La révision du statut de conservation des mérous est particulièrement importante en raison de la pression d'exploitation croissante qui pèse sur ce groupe de poissons majeurs en tant que ressources alimentaires ou sources de revenus pour le tourisme sous-marin dans de nombreux endroits à travers le monde. Peu de mérous semblent être surveillés régulièrement, peu sont gérés efficacement et beaucoup sont en déclin. En raison de leur longue durée de vie, de l’âge avancé de la première reproduction et de l’existence de fréquentes agrégations de géniteurs au moment de la reproduction, bon nombre de ces espèces sont particulièrement vulnérables à la surpêche et il est à craindre que leurs populations ne soient en déclin.

Trente-cinq experts de 13 pays se sont réunis aux Açores pour faire le point sur l'état actuel de ce groupe et identifier les espèces présentant un risque d'extinction à l'avenir, afin de favoriser la mise en place de pratiques plus durables. Les premières conclusions de cet atelier soulignent les inquiétudes grandissantes qui existent pour plusieurs espèces de mérous et, en particulier, celles fortement exploitées lors des agrégations de reproduction.

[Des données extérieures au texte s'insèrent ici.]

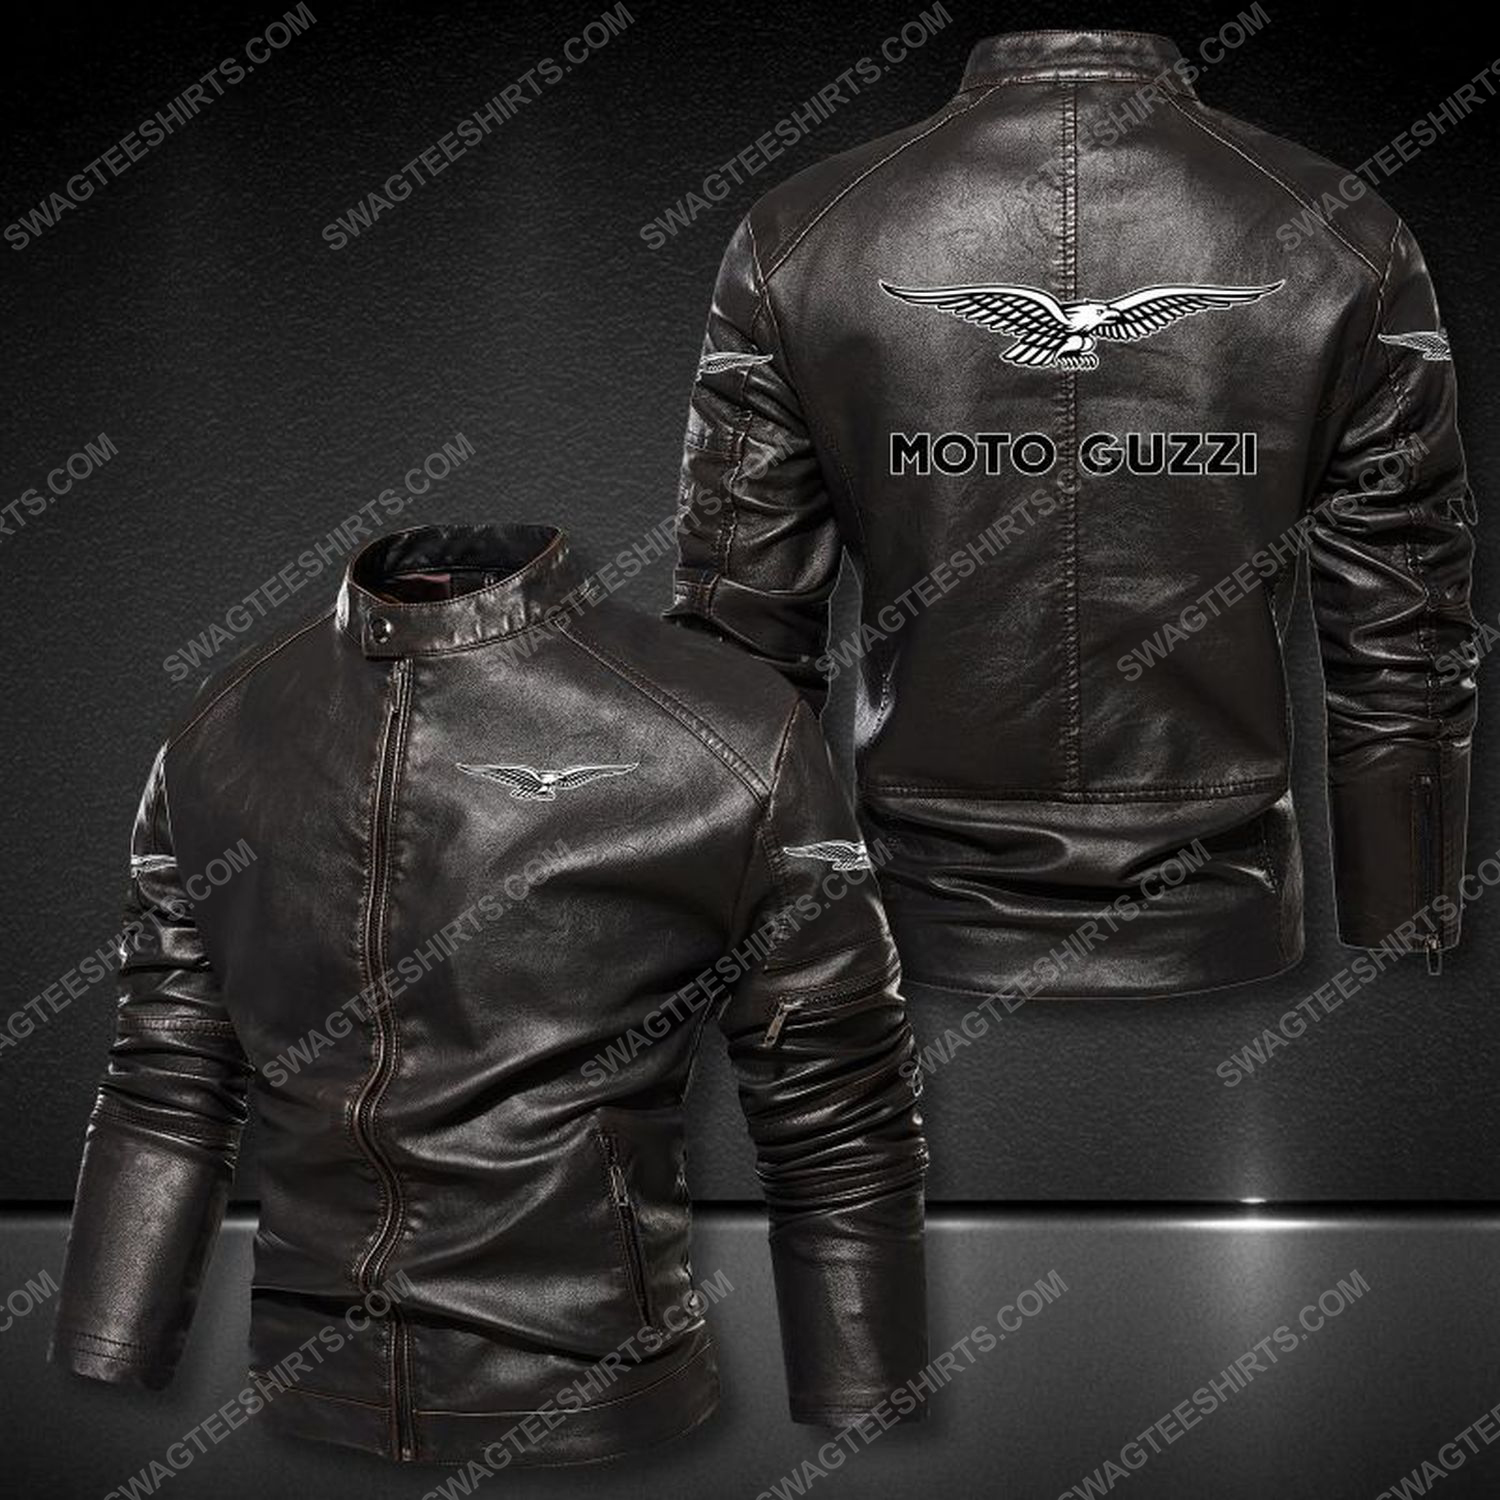 Moto guzzi motorcycles sport leather jacket 1 - Copy

Il a également été mis en exergue le besoin urgent de recueillir des données plus précises et plus fiables sur les pêcheries de mérous et de gérer beaucoup plus efficacement ces populations que ce qui est fait aujourd'hui si nous voulons qu’elles survivent demain.

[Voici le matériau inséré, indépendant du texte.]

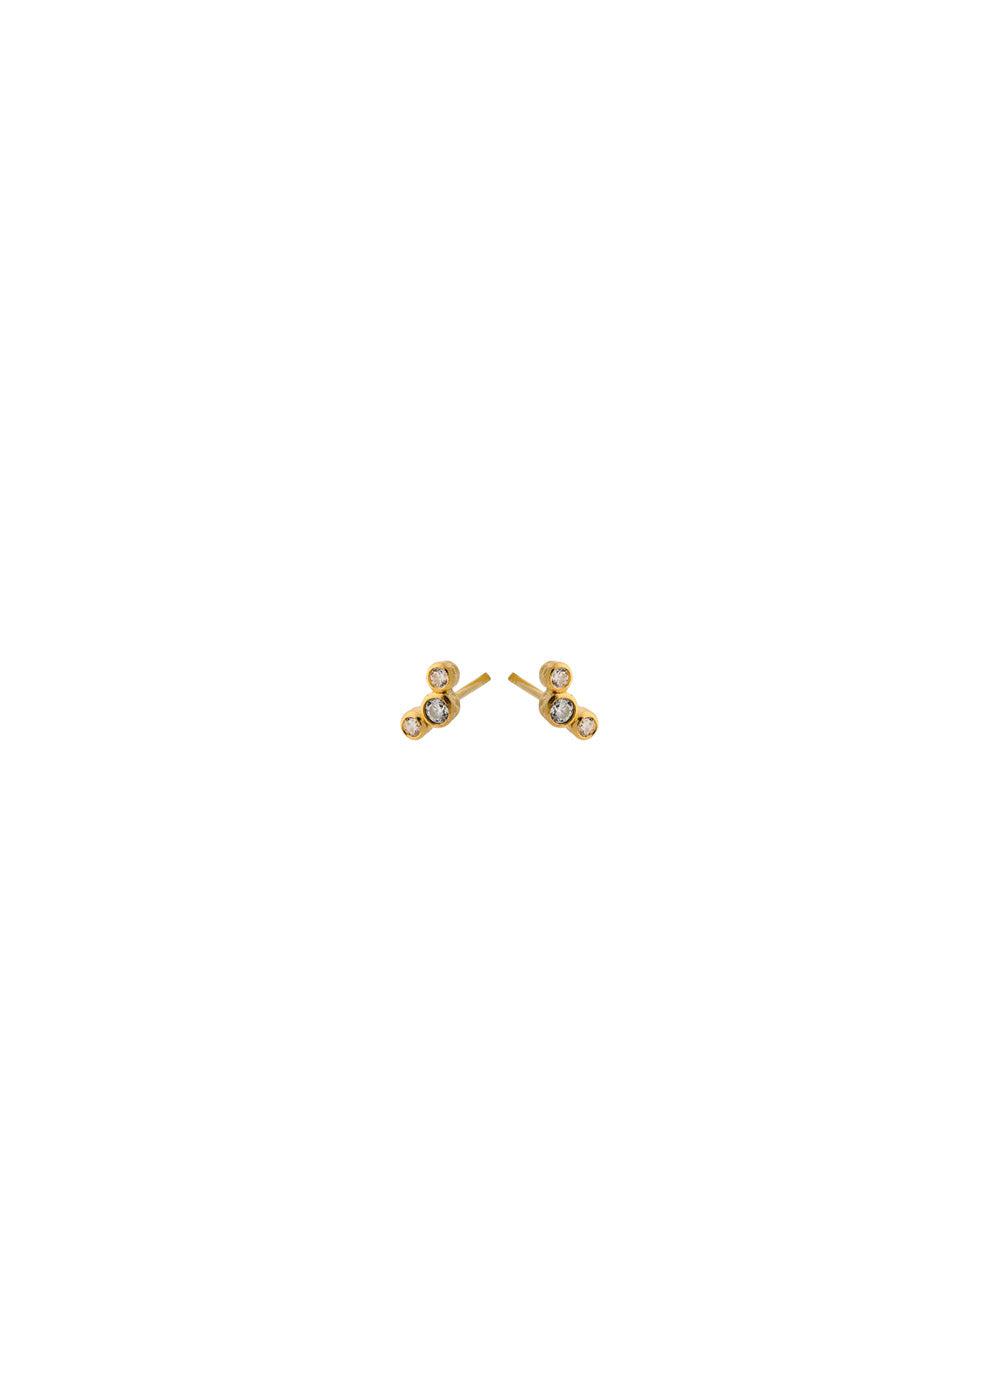 Orion Earsticks size 8 mm - Gold

L'atelier a été co-organisé par le GWSG, l’Institut de Recherche Marine (IMAR) de l'Université des Açores et le Centre de Sciences Marines et Environnementales (MARE) et a été généreusement financé par la Ocean Park Conservation Foundation (Hong Kong), le Bin Zayed Fund, l'Université de Hong Kong et le Gouvernement régional des Açores.

Qu’en est-il en Méditerranée et dans le proche Atlantique ?

En Méditerranée, le mérou brun, le mérou royal, la badèche sont les espèces les plus connues; dans le proche Atlantique, il s’agit du mérou blanc ou thiof. Importantes écologiquement comme prédateurs de haut niveau trophique, ces espèces sont aussi importantes économiquement pour la pêche (le thiof au Sénégal par exemple) ou pour l’économie liée au tourisme sous-marin (le mérou brun par exemple en Méditerranée). Le dernier atelier de la GWSG a considéré qu'au niveau mondial, le statut du mérou brun restait “en danger”, le niveau intermédiaire entre les espèces vulnérables et les espèces en danger critique d’extinction. De même, le statut global du mérou blanc a été évalué comme “presque menacé”, le niveau juste avant “vulnérable”. Toutefois, localement, le statut peut être différent, comme par exemple au Sénégal où le déclin des pêcheries de mérous blancs est spectaculaire et où l’espèce doit être considérée comme en danger. Les conclusions définitives du GWSG seront publiées courant 2017, mais en vue des prochaines réévaluations, un travail important de synthèse des connaissances, notamment en termes d’impact des pêcheries, devra être fait pour ces espèces de Méditerranée et du proche Atlantique.